Cacao = natural, more bitter
Roasting helps reduce bitterness and can be employed a different points throughout the production process as a way to soften the bite in cacao's chocolatey flavor.
Dutched Cocoa
Alkalization of the cacao will also decrease its bitterness, which is done with a potassium carbonated solution that will neutralize the acidity. This process yields 'Dutched cocoa.' Dutched cocoa is darker in appearance, more soluble in water, and is used in many modern chocolates. NOTE: In baking Dutched cocoa can not be swapped with other powders without accounting for the pH difference. Leavening ingredients in a recipe are usually in proportion to the expected pH of the powder.
Toasting raw cacao nibs in a dry pan for a few minutes can reduce bitterness. Toasting can also add a nutty crunch to the texture of cocoa nibs.
Grinding cacao nibs doesn't produce a powder in the way one might expect.
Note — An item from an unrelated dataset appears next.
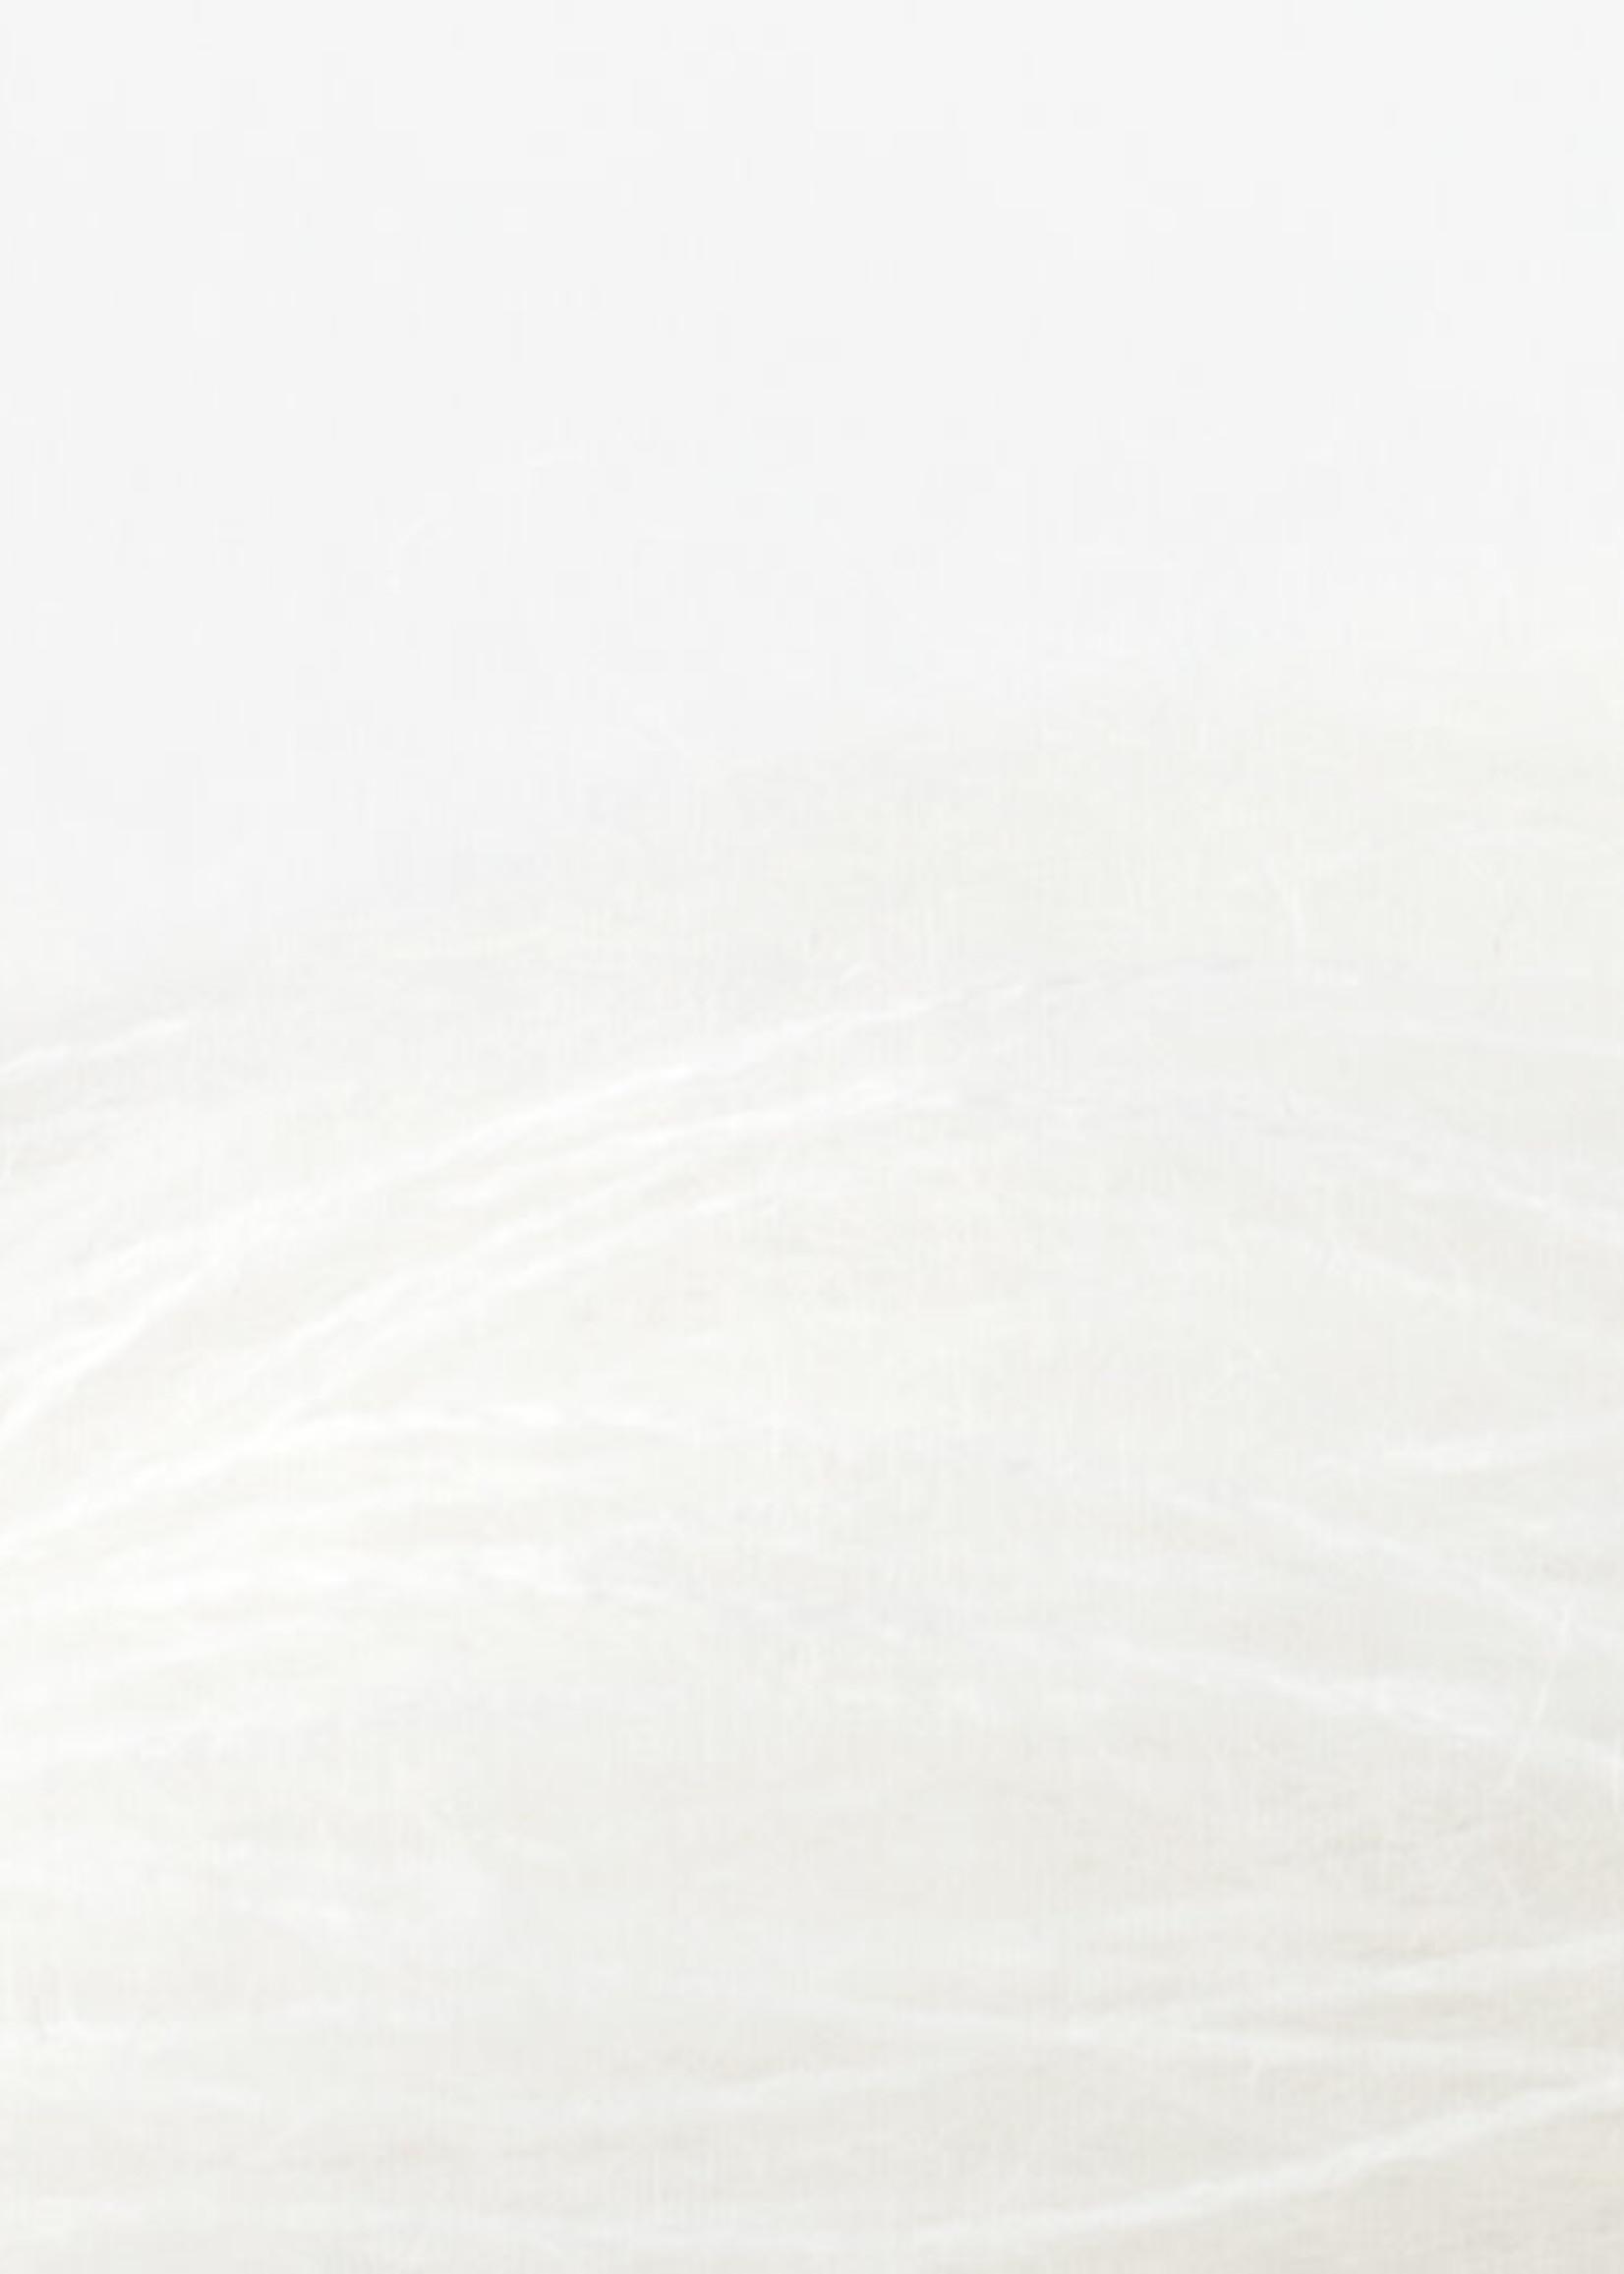 Shibui Shibui Silk Cloud #2180 White

The high fat content (cocoa butter) means that the nibs will become a syrup or "liquor" when ground. Chocolatiers will add more fat, and of course sugar and other ingredients, to this liquor to produce their luxurious product.
To achieve powder from nibs requires extraction of the cocoa butter they contain. The resulting liquor from grinding nibs (mentioned above) is processed using a hydraulic press or similar to separate out the fat (cocoa butter). Though the composition of the nib liquor is about 50% fat, 50% powder; processors will chose to leave between 10-24% of the fat in the powder to improve its flavor and smoothness.